CAKEWALK AT GRAND CENTRAL, a gallery exhibition of 50 exquisitely decorated wedding cakes created by premier sugar artists from across the United States, will be presented by Brides Magazine and Martini & Rossi Asti on Tuesday May 24 - Thursday May 26, 2005 in Vanderbilt Hall.
---

Momoreg, (or any other Cheftalkers near NYC), I'll be there on Tuesday afternoon (I have to be there for the photo shoot and party that evening), so if you have a chance to come out to look at the cakes, let me know! We can meet up!


----------



## chrose (Nov 20, 2000)

Congratulations! That sounds very exciting. I do hope there will be some pics to follow!


----------



## lotuscakestudio (Jun 28, 2001)

Thank you! And yes, I will post pics! The event will also be covered in a future BRIDES issue so I will keep people posted when it comes out.


----------



## momoreg (Mar 4, 2000)

COOL! What do you plan to showcase??

I'll try to make it down, but I can't say for sure. How'd you get involved with this?


----------



## lotuscakestudio (Jun 28, 2001)

I just got back from NY- I had to drop off the cake at the photographer's studio. I was in cake heaven. Gorgeous wedding cakes as far as the eye can see! I wanted to bury mine in the ground! How I got involved? They called me. I have no idea how they even found me. They just did. I was so excited that I didn't even think to ask until recently, but now I feel kinda silly for some reason. 

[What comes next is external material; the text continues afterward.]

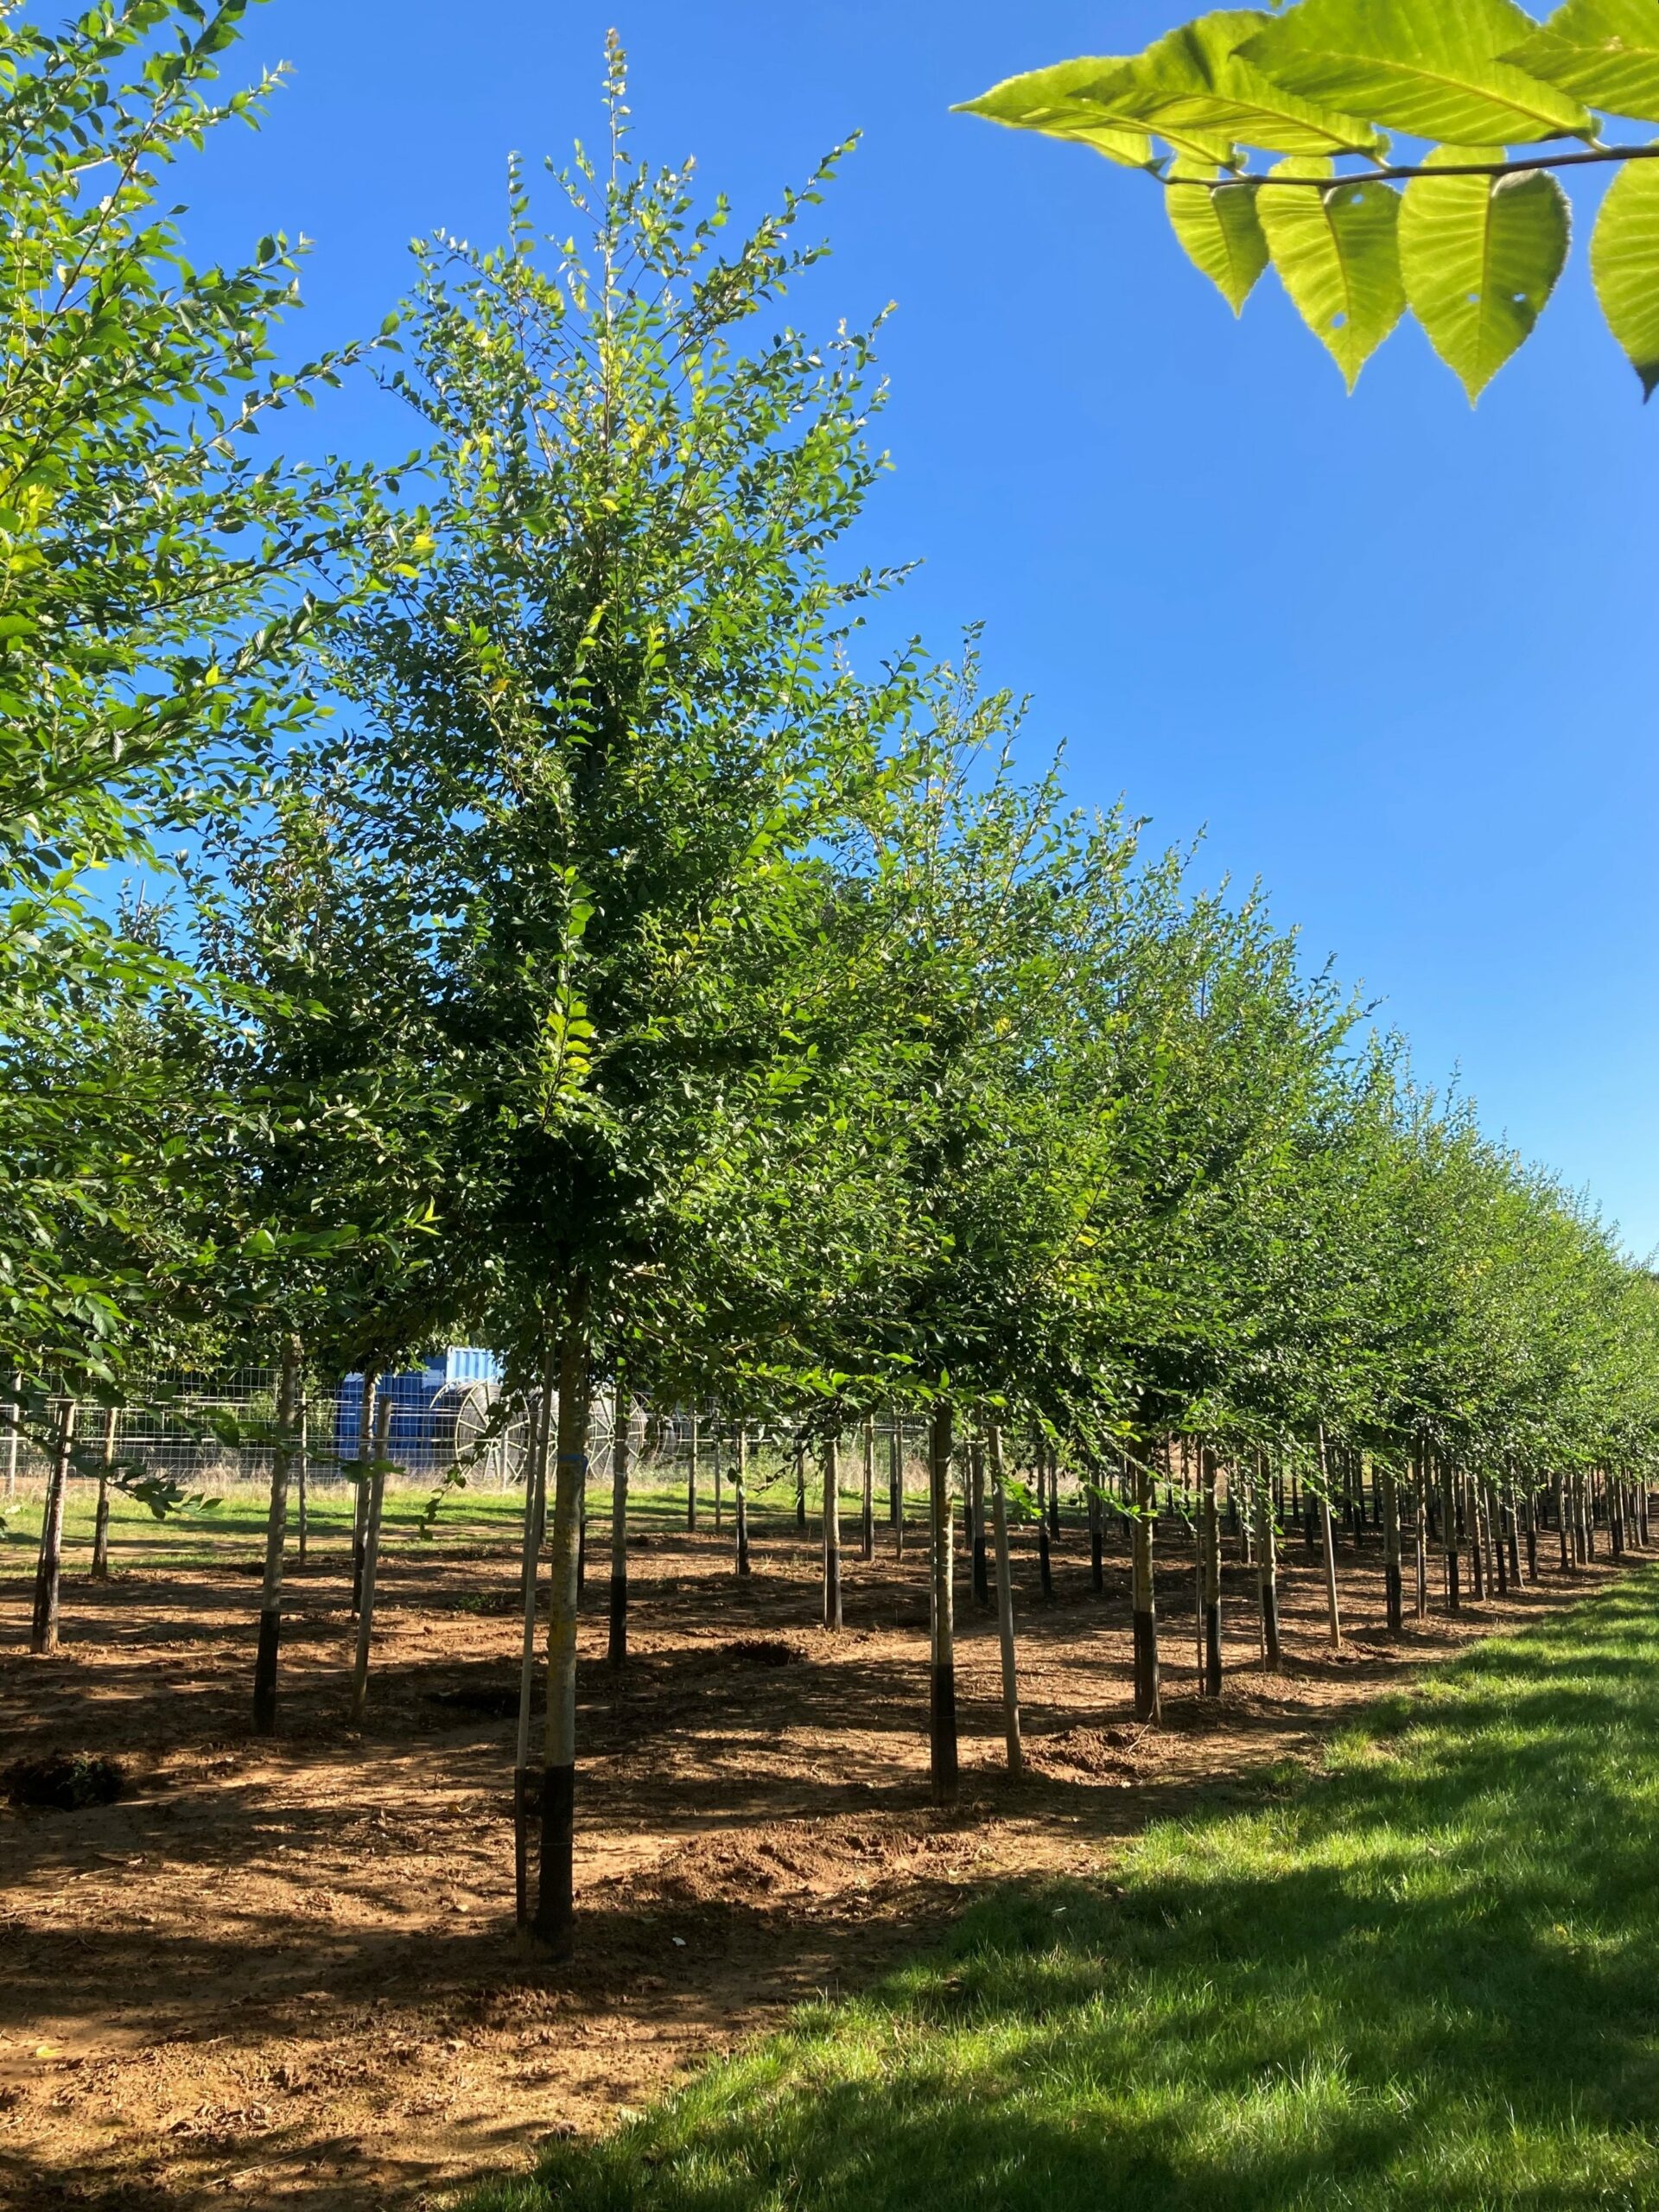 Ulmus fiorente semi mature elm trees growing in rows in field

The cake is 4 tiers. The bottom is square. 6/8/10/12 on a 14" board on top of a 16" board. The colors are baby blue, white, and khaki (I saw an awesome argyle shirt on the Escada site so that was the inspiration). Top and 3rd tiers are white, smocked, with argle patterns and stitching on the argyle. There's a gumpaste grosgrain ribbon monogram on top. The second tier is 6" high (the rest are 4" high) and it's baby blue with a quilted pattern. At some of the "intersections" is a small pearlized lace button. The bottom tier is khaki with larger lace buttons and more stitching. That tracing wheel is tricky. I should have practiced using it more before doing this b/c I definitely messed up a few times and I had humidity working against me. Not my best work, but I think the cake looks pretty good from at least 6 feet away. HAHA!


----------



## momoreg (Mar 4, 2000)

Great! I'm sure you're being your own worst critic, and the colors sound so pretty. Even if you're not 100% happy with your work, lots of people will see you and your cakes, and that's fantastic!

I'm going to really try to come down, if not for that, then for the opportunity to take my son on a train. He LOOOVVVEESSS trains!


----------



## morpheus1984 (Jun 2, 2005)

Does anyone has photos of the event?
I would like to see them, I am sure the cakes are fantastic!


----------



## momoreg (Mar 4, 2000)

They were beyond fantastic! I've been meaning to post commentary, but have been too busy. I didn't take any photos, but lots of people did, and I'm sure you can find pics on the web. I was, and still am, inspired by what I saw there!


----------